Ultra Rapid Acting Inhaled Insulin (Afrezza)
Inhaled insulin is delivered directly to the bloodstream via the lungs, meaning it begins working almost immediately and is mostly cleared from the system after an hour. This makes it ideal for handling very high glycemic index foods as well as correcting stubborn hyperglycemia without a resulting low 2-4 hours later. See the follow chart comparing the action profiles of Afrezza (TI) and rapid acting insulin (RAA).

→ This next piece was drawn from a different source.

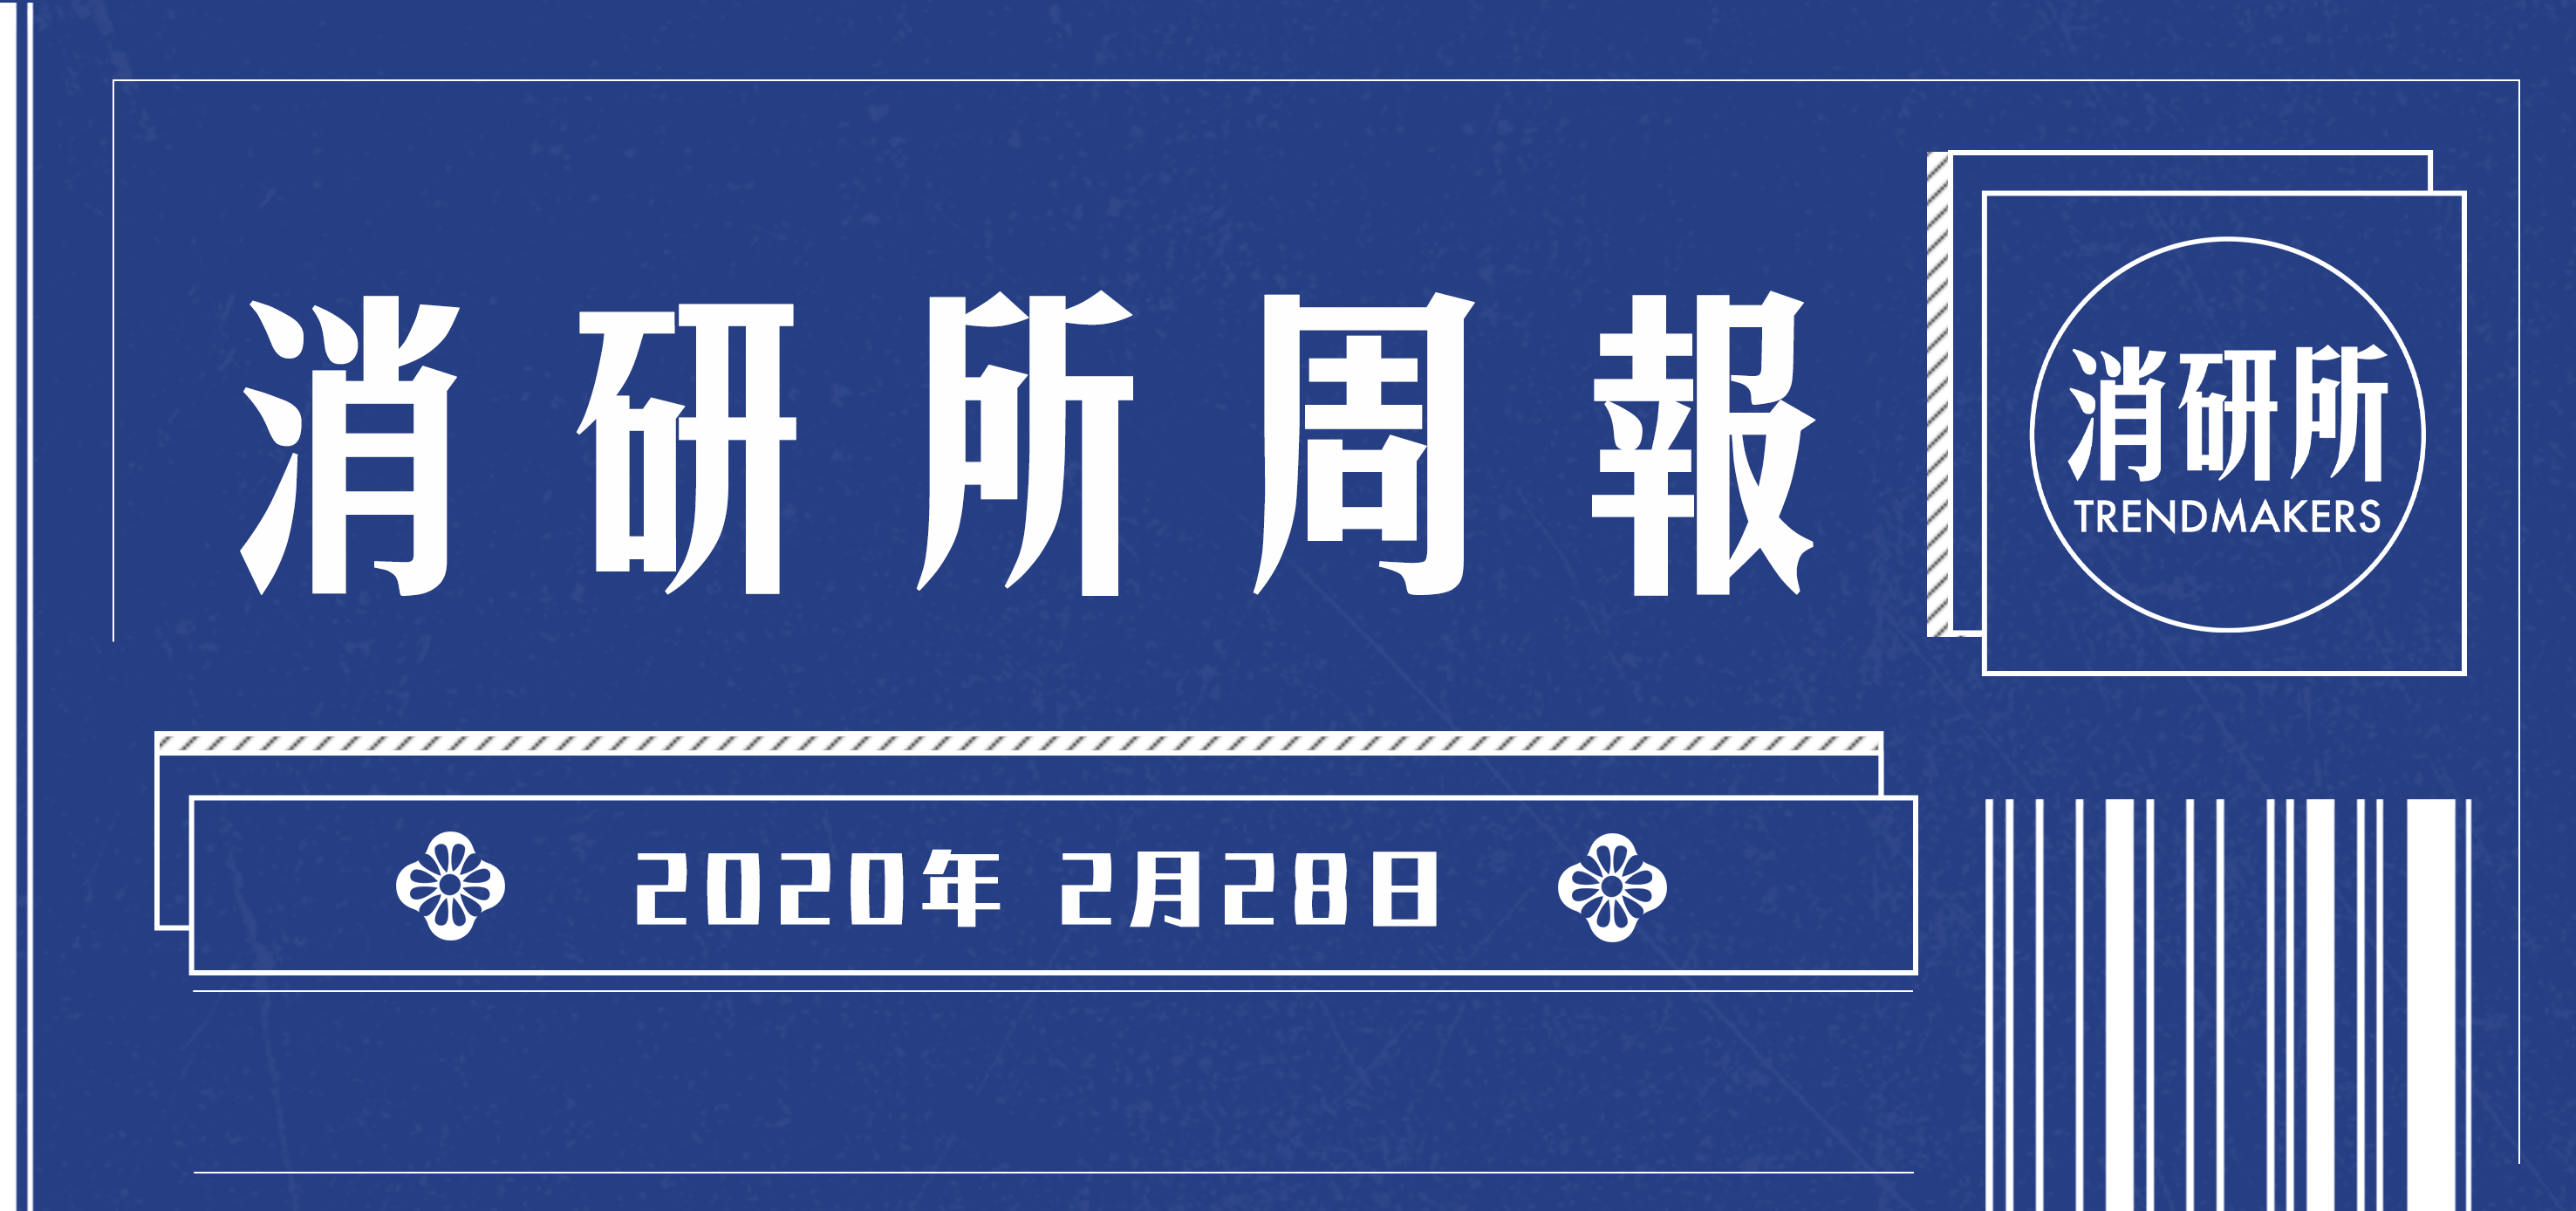 """瑞幸咖啡全线涨价1元;乐购退出中国;完美日记与李佳琦合作""""萌宠""""系列产品   消研所周报"""

I will be trying Afrezza to rapidly correct hyperglycemia and report on my experience in a future post.
GLP1 Receptor Agonists
GLP-1 receptor agonists like Semiglutide (Ozempic) and Tirzepitide (Mounjaro) can slow gastric emptying (reducing postprandial highs), reduce cravings for high glycemic index foods and potentially, though possibly not directly, improve insulin sensitivity. There is existing work investigating GLP-1 receptor agonists in T1D with promising results. I have never tried this class of medications so I cannot add anything to the discussion, but it’s worth noting that they may provide a powerful tool for some type 1 diabetics.
Conclusion
Overall, leading a healthy lifestyle with lots of physical activity, a balanced diet and well planned meals has dramatically improved my glycemic control. Strategically timed physical activity can work wonders to reduce the duration and magnitude of hyperglycemia. I am still investigating the exact correlations between various foods and insulin sensitivity, as well as other tools like Afrezza. This post outlines my current understanding of the effect of lifestyle factors and medications on glycemic control. I will continue to share as my understanding changes while I collect more data and try more strategies.